Mit 3 Spartipps zum Smartphone-Schnäppchen

1. Vorgängermodelle kaufen

Da Android-Geräte recht schnell im Preis sinken, kann es günstiger sein, etwas ältere Modelle zu kaufen, die bereits einige Monate auf dem Markt sind. So ergibt sich für Käufer ein interessantes Schnäppchen-Potenzial quer durch den Markt – sowohl bei Topmarken als auch in der Mittelklasse. Gerade dann sollten Käufer aber vor allem auf eines achten: Sicherheitsupdates. Kaum ein Günstig-Anbieter garantiert, dass für seine Geräte Updates für das Betriebssystem bereitgestellt werden. Die Geräte von Apple werden dagegen sehr lange mit Updates versorgt.

2. Gebrauchtes Smartphone kaufen

Secondhand-Smartphones sind eine preiswerte Alternative für richtige Sparfüchse. Der Gebrauchtmarkt wird immer größer und hat sich in den letzten Jahren merklich professionalisiert. Viele Verbraucher greifen zu wiederaufbereiteten Smartphones ("refurbished Smartphones"): Es handelt sich dabei um professionell geprüfte und generalüberholte Geräte, die im wiederhergestellten Zustand praktisch neuwertig sind. Qualitätskontrollen sind häufig Standard, außerdem sollten Verbraucher auf Garantien und Zertifizierungen achten. So sind sie vor Smartphone-Schäden oder fehlerhaften Lieferungen geschützt.

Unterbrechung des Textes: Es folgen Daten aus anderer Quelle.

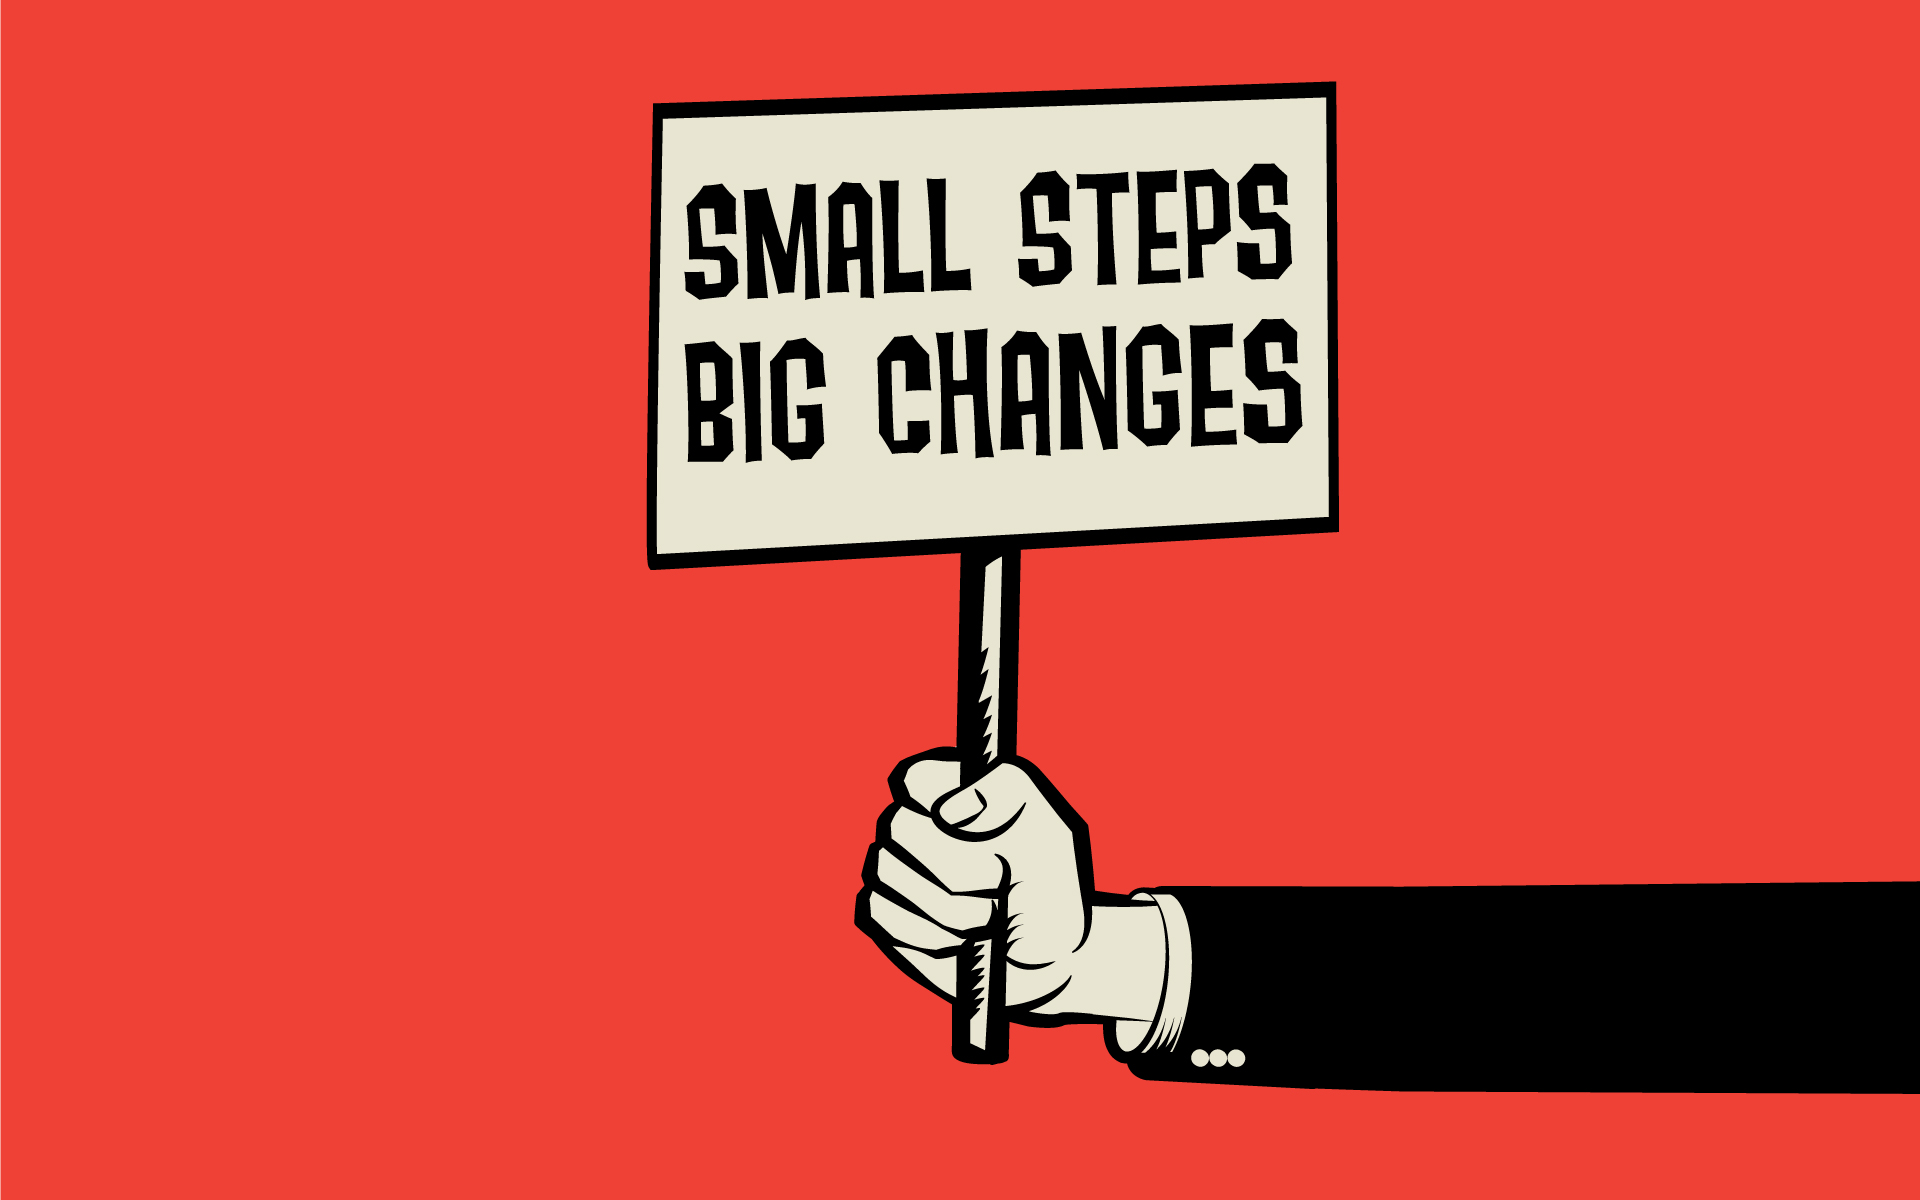 Small steps big changes

3. Smartphone clever mit Tarif-Deal kombinieren

Wer ein neues Smartphone mit Vertrag erwirbt, kann es in günstigen Raten abzahlen: Statt mehrerer Hundert Euro auf einmal kommt zu den regulären Tarifgebühren jeden Monat eine Zuzahlung für das Gerät hinzu. Wer sich eine gute Tarif-Kombi sichert, kann mit den Kosten sogar niedriger als beim Einzelkauf liegen, gerade bei neuen Top-Modellen. Oft erhöhen Boni, Rabatte oder Aktionen das Sparpotenzial. Verbraucher sollten ihren Vertrag allerdings nach 24 Monaten kündigen: Denn das Smartphone ist nach Ende der Vertragslaufzeit zwar abbezahlt – doch es wird weiterhin der bisherige Preis verlangt.